Steam rice over high heat until nearly cooked for 20 minutes.

Combine salt with thick coconut milk.

Remove rice from steamer. Stir in thick coconut milk and continue to steam for another 8 to 10 minutes.

Sambal Hae Bee/Dried Prawns

250g dried prawns, soaked and pounded finely
2 tbsp tamarind pulp combined with 100ml water (squeeze, then strain the tamarind juice)

Oil for frying

Spice ingredients – to be blended

3 stalks lemongrass(grate the white parts with a microplane)
4 candlenuts (buah keras)
1 inch piece fresh turmeric (ground/powdered turmeric can be used)
1 inch square piece belacan /shrimp paste 8 fresh red chillies
10 dried chillies, soaked and seeded
10 pips garlic
1 cup shallots


Sugar and salt to taste


Heat a little oil in a large microwaveable bowl for 1 minute, add blended spice ingredients and microwave on high until fragrant(3 minutes at the time, stir)

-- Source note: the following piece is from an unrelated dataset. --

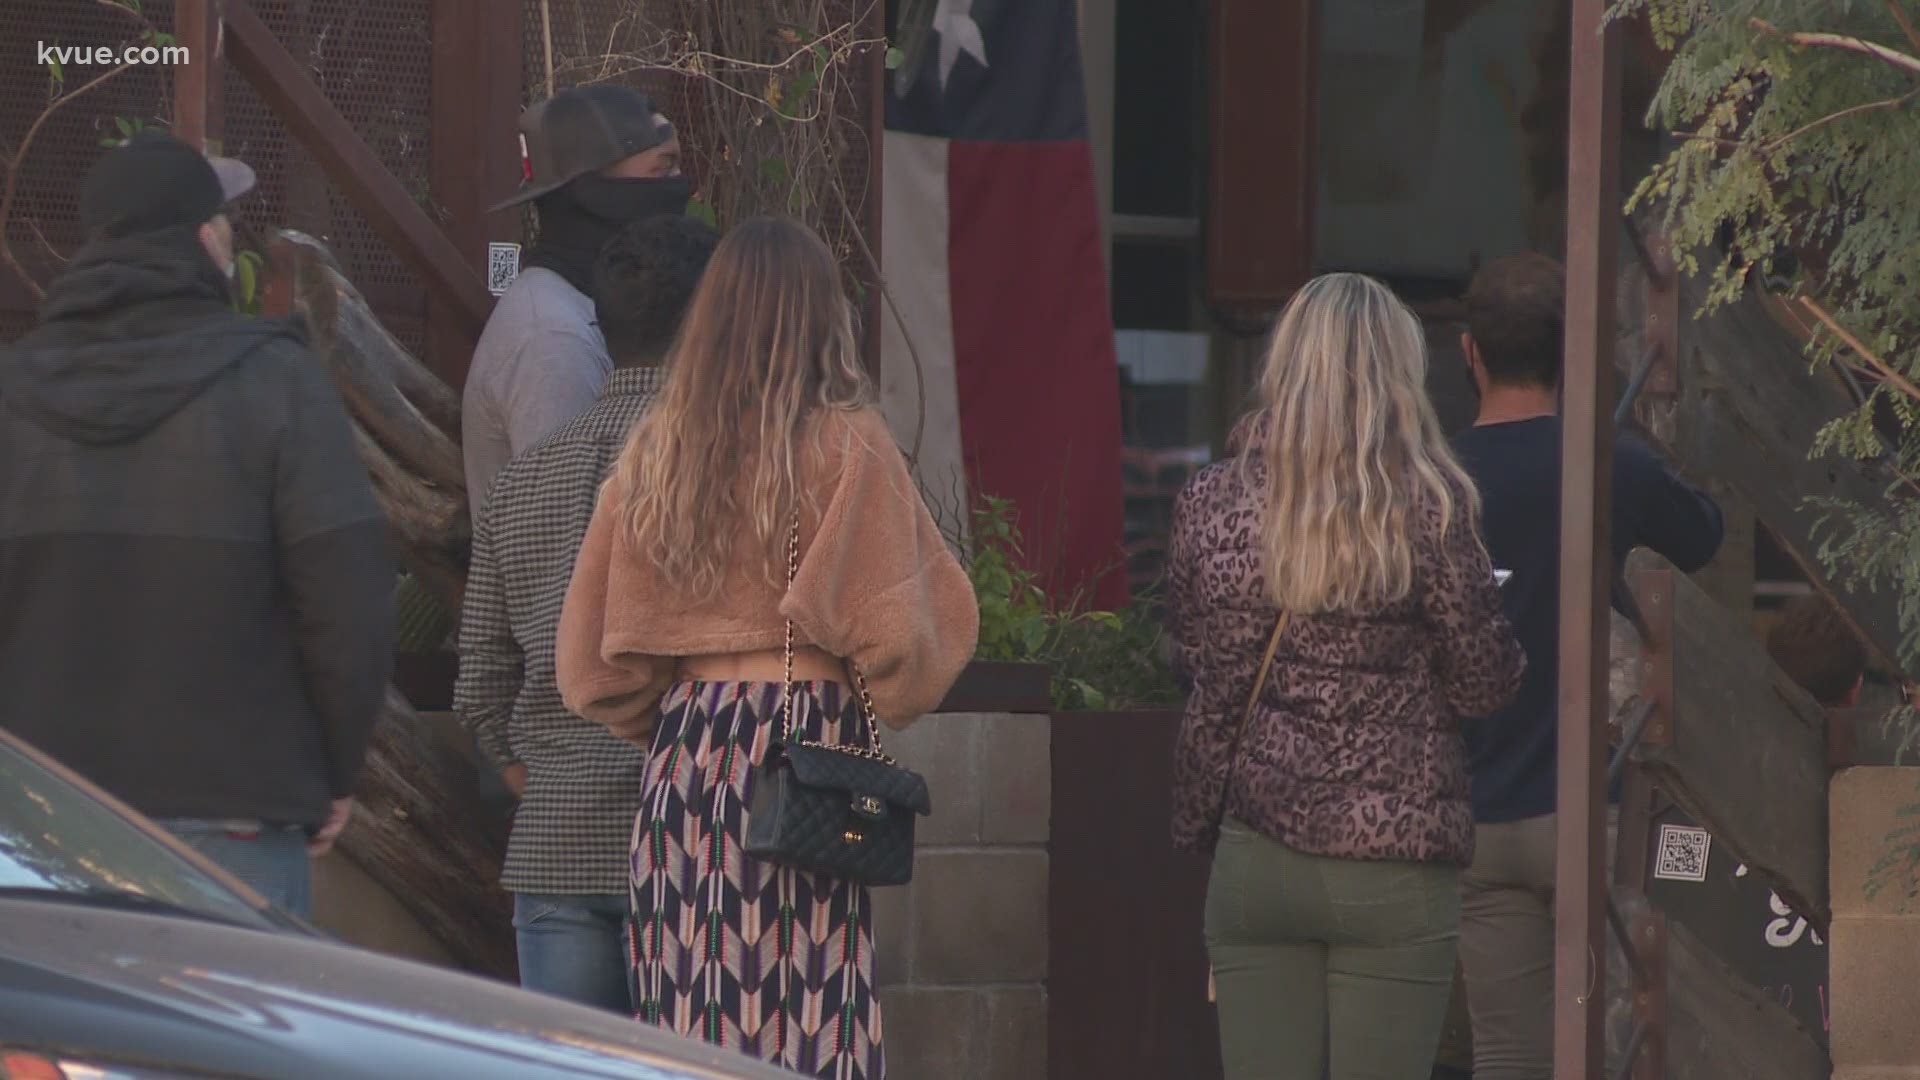 Despite numerous warnings from health officials, Austinites were out at bars in Downtown Austin.
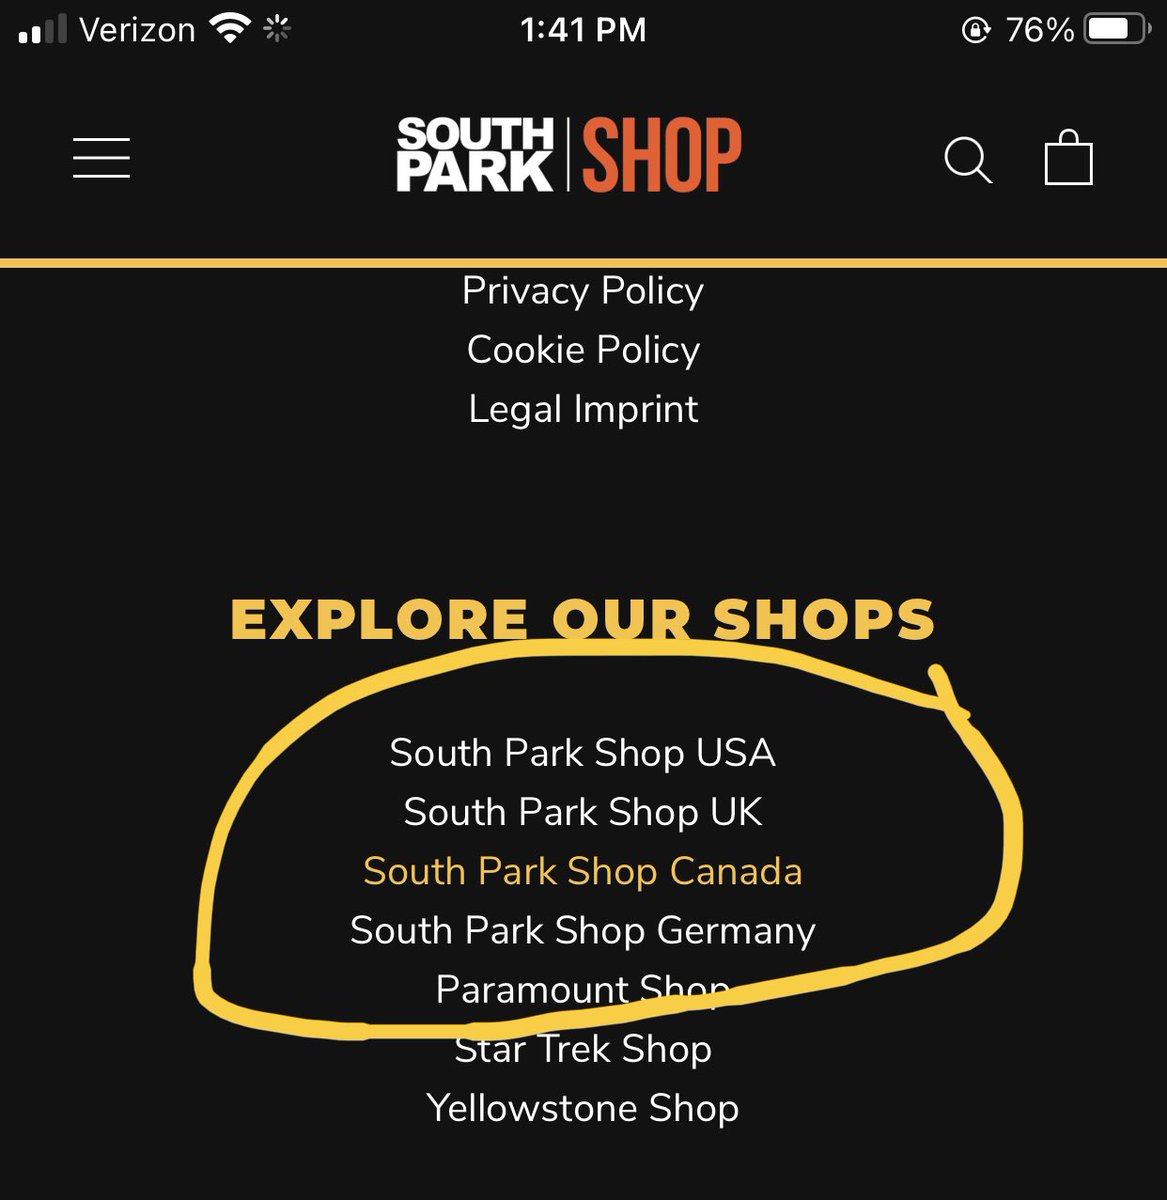 Becoming more hopeful about the opportunity for @AMCTheatres to ship internationally which would be significant. Here is the South Park shop that Snow Commerce supports. Game changer if the #AMCTheatresShop does this as well. southparkshop.com

When the spices are fragrant, add dried prawns and continue to microwave for another 2 minutes.
Mix in tamarind juice and microwave until dried prawns are almost dry. (Keep stirring to distribute the heat as the microwave will cook the outer ring of bowl more).

Adjust seasoning to taste.

Leave to cool completely.

To wrap dumplings:

Soak bamboo leaves in cold water.
Cook bamboo leaves in hot boiling water for 10 minutes.
Cool, then wipe dry.
Take 1 broad or two leaves and fold from the centre to form a cone.
Take a fistful of nasi kunyit and line the sides.
Put 2 - 3 tbsp of sambal hae bee over rice and cover neatly with more nasi kunyit.
Fold bamboo leaf over.
Tie tightly with string .
Tie dumplings in groups of ten and steam for 1/2 hour.